### WHAT IS REQUIRED
Please restate the data below word for word, omitting all images.

### RAW DATA
------------------------

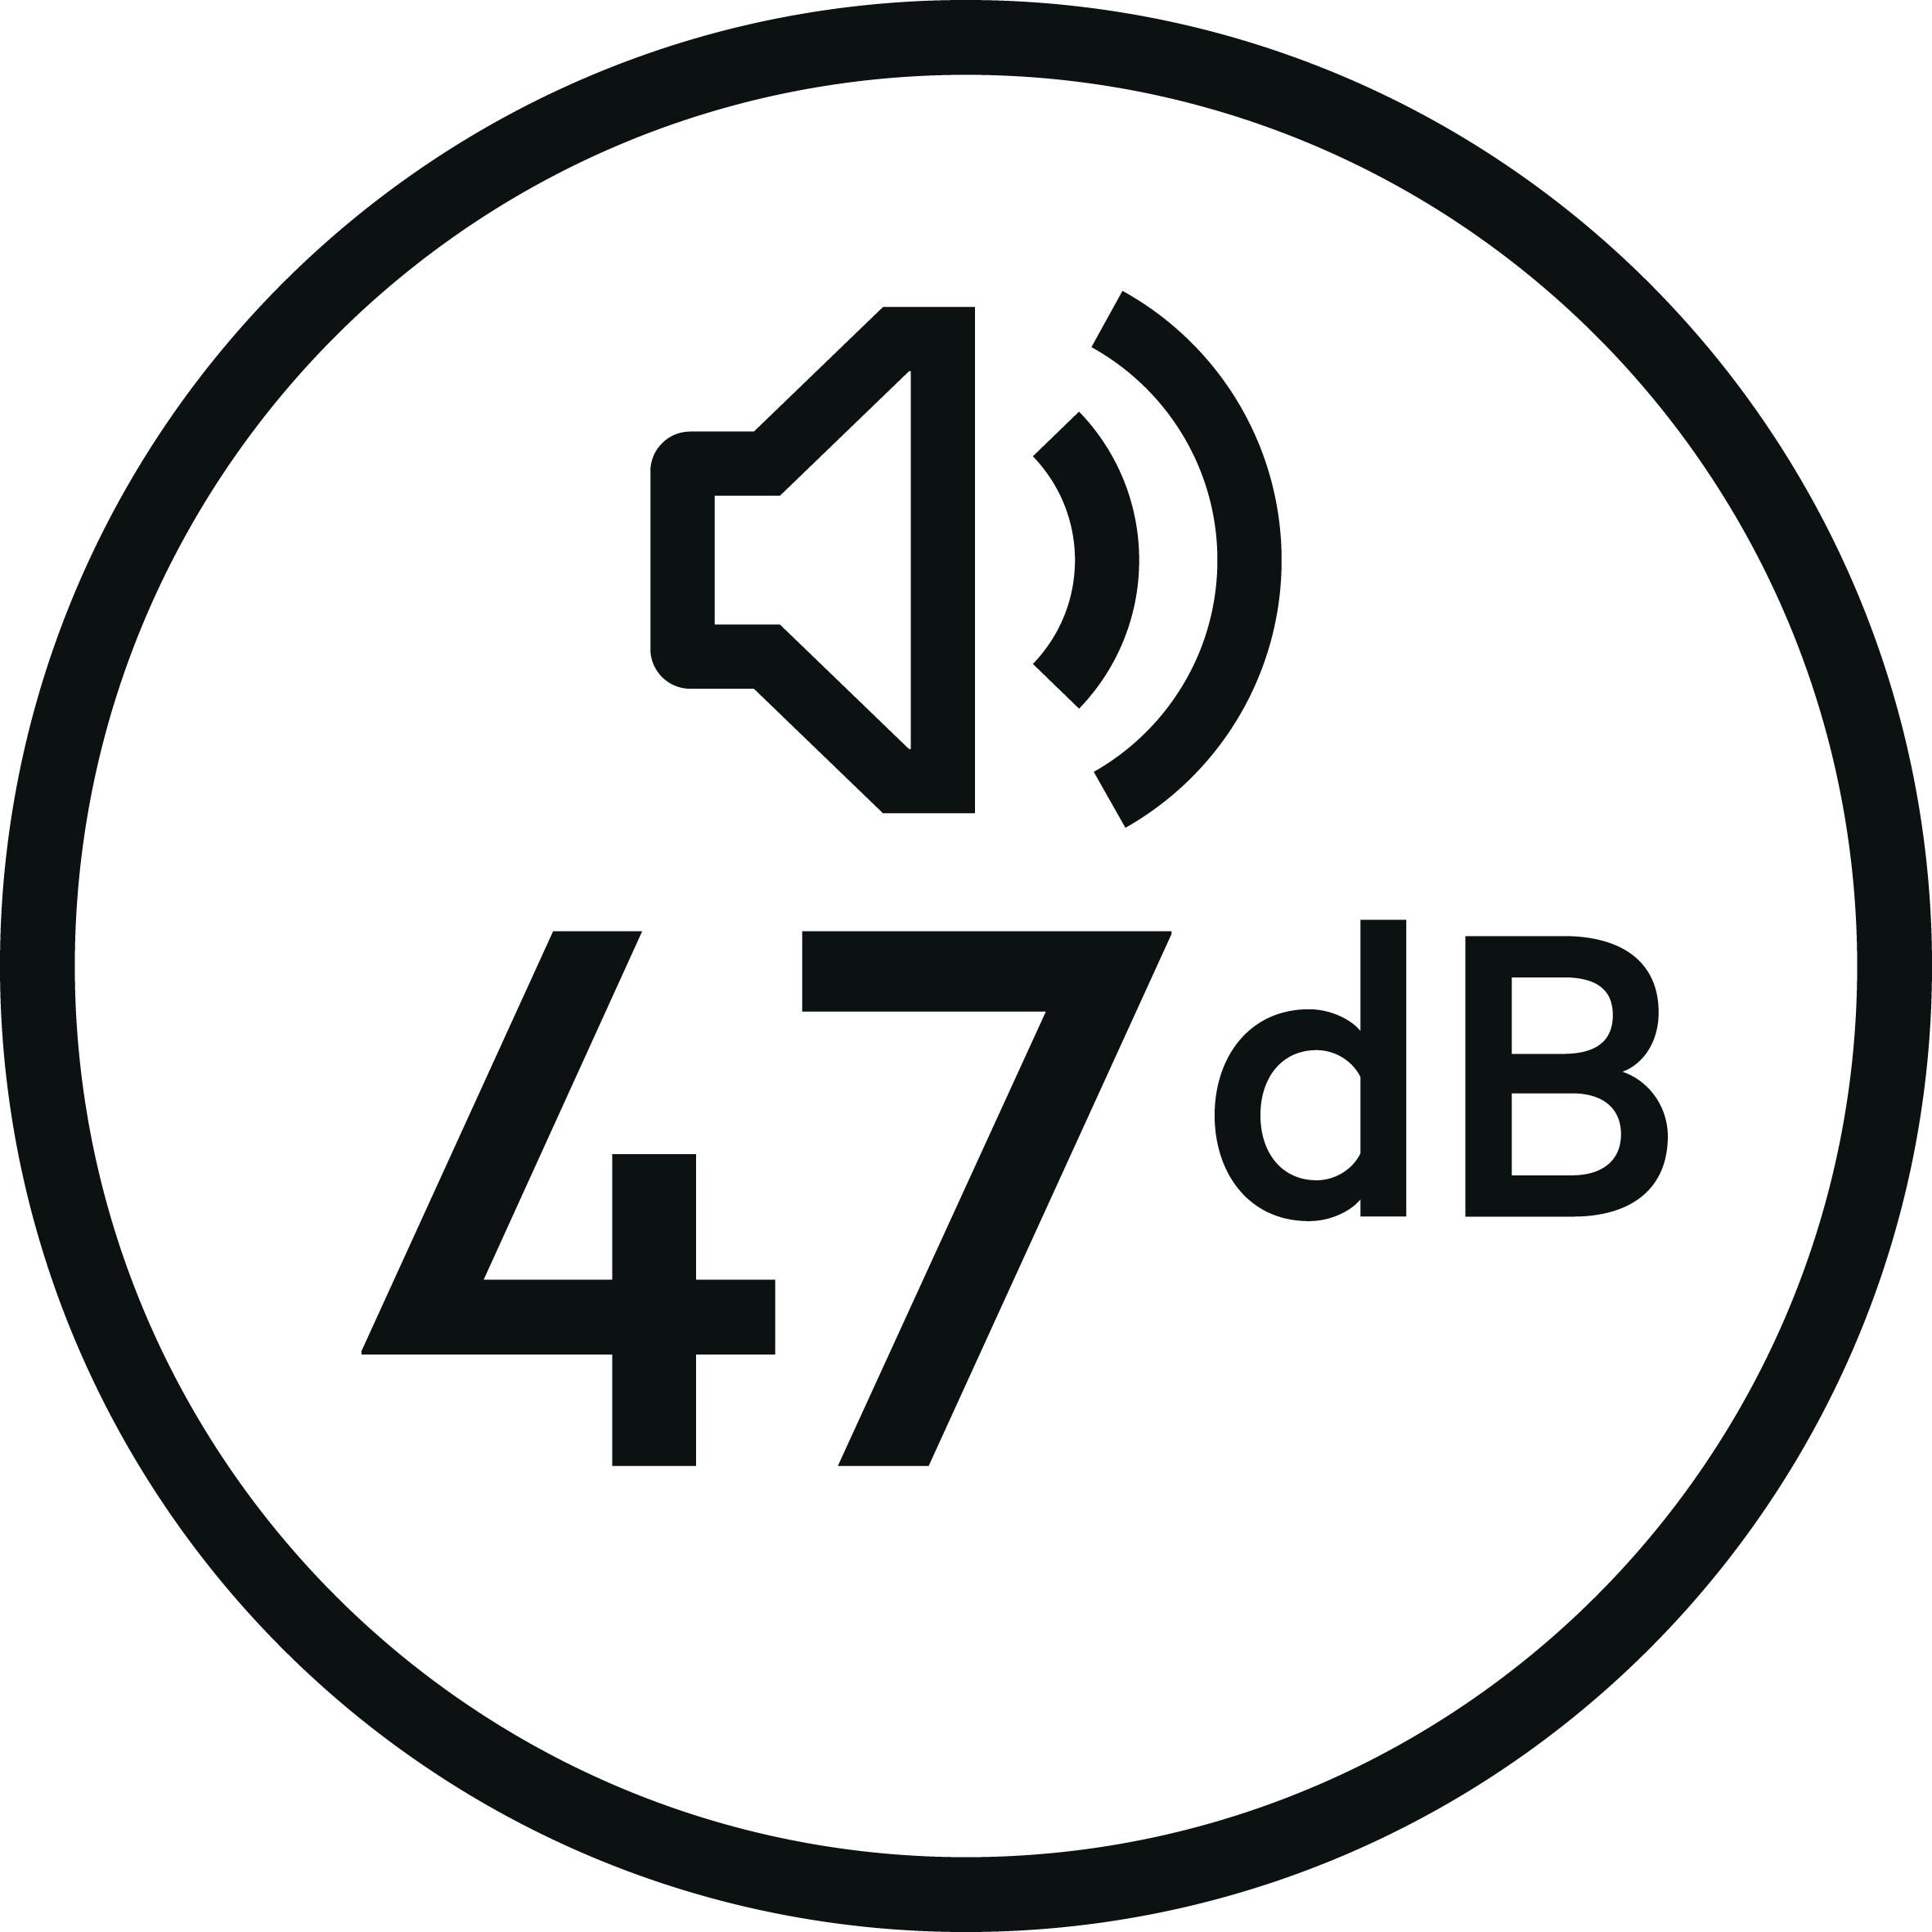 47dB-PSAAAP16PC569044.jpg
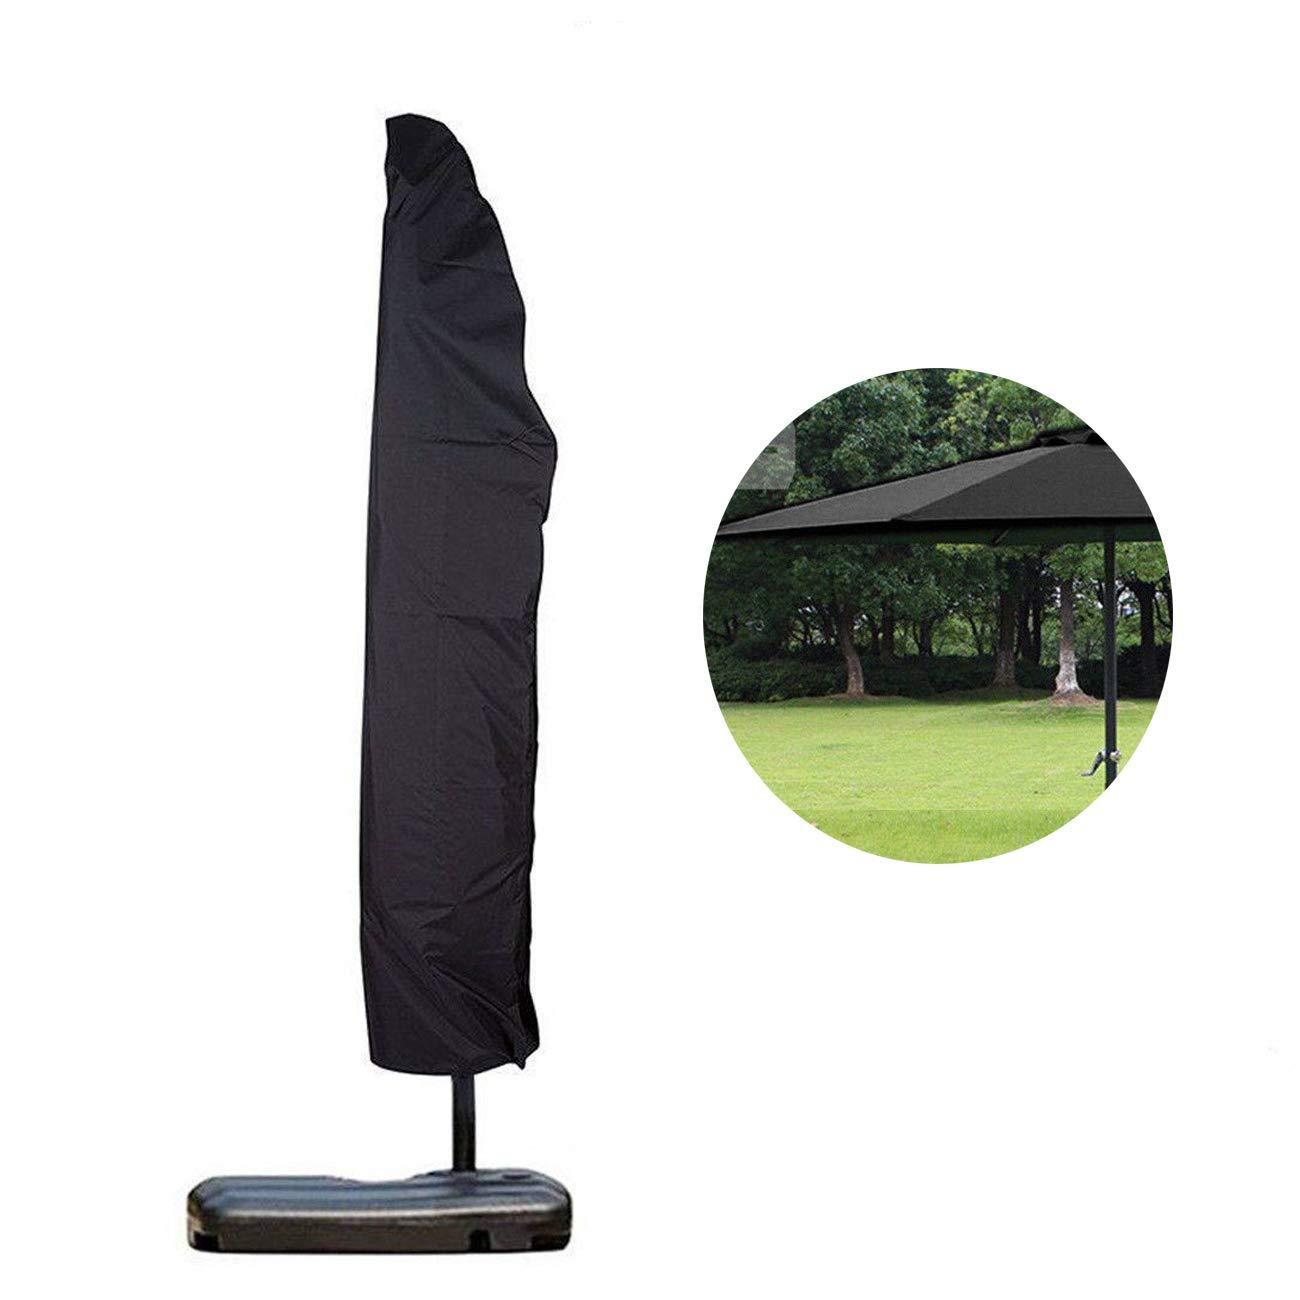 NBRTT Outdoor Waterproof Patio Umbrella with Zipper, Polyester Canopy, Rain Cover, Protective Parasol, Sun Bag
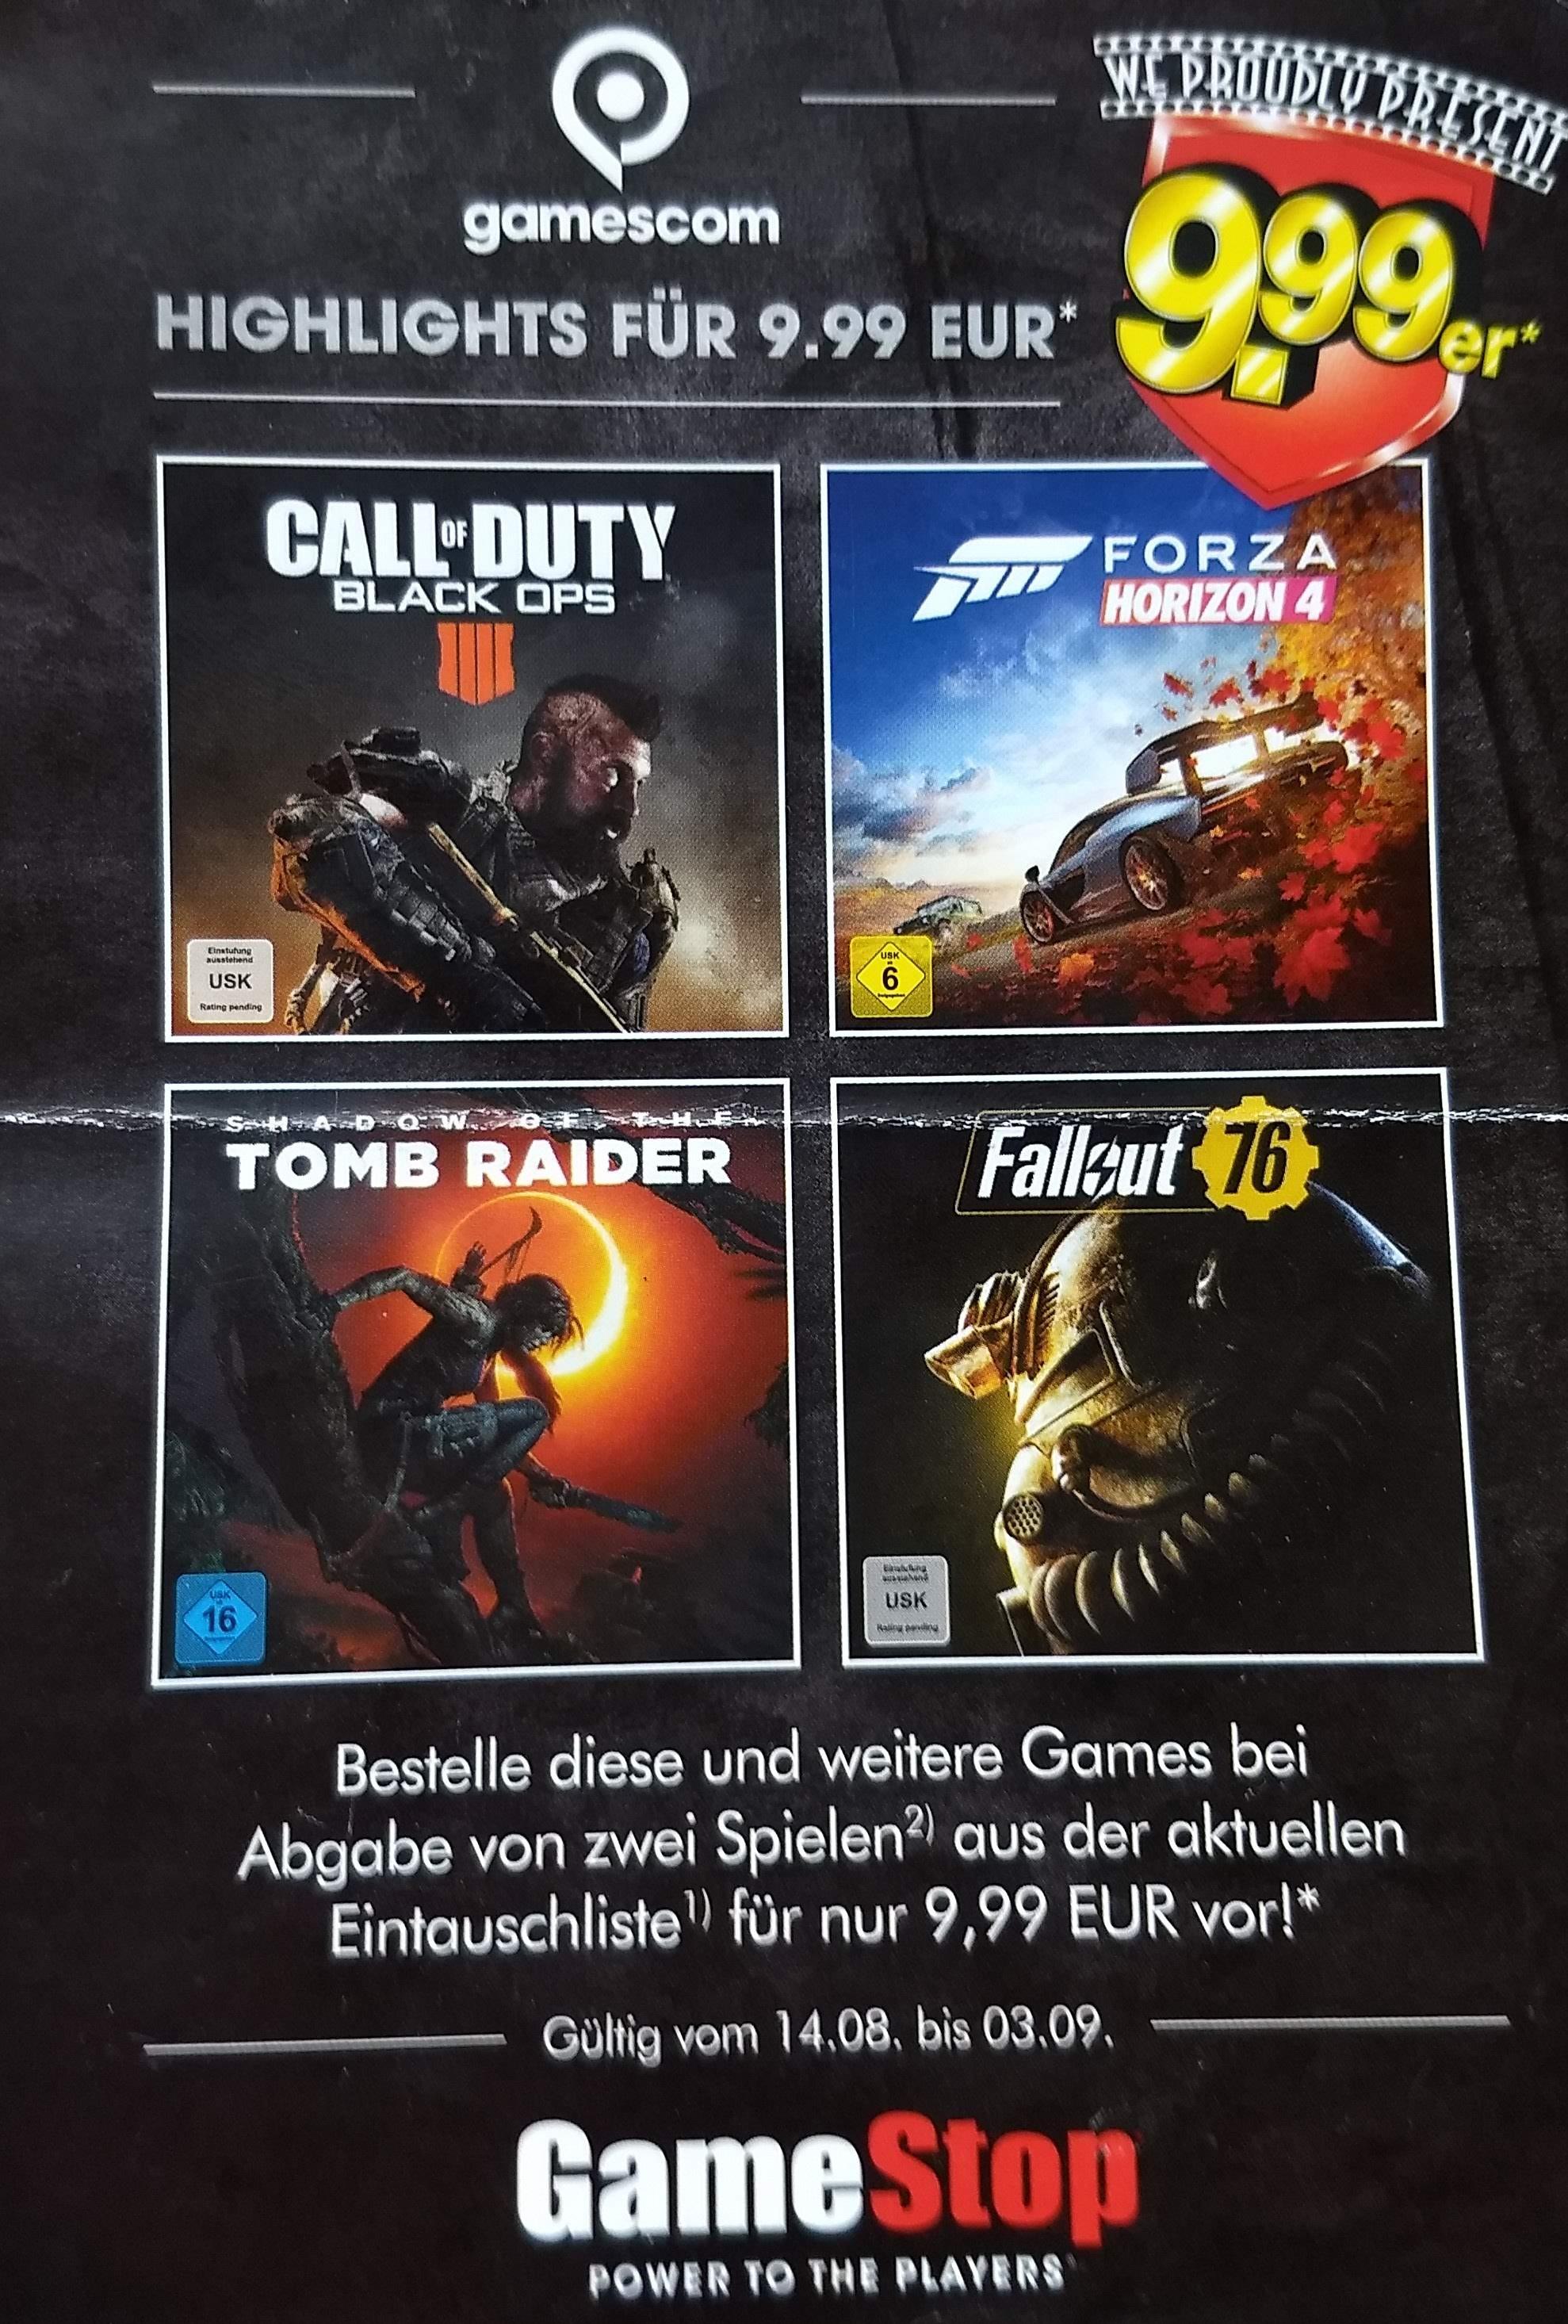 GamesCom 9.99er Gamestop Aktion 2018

------------------------

### ANSWER
 47dB-PSAAAP16PC569044.jpg
 NBRTT Outdoor Waterproof Patio Umbrella with Zipper, Polyester Canopy, Rain Cover, Protective Parasol, Sun Bag
 GamesCom 9.99er Gamestop Aktion 2018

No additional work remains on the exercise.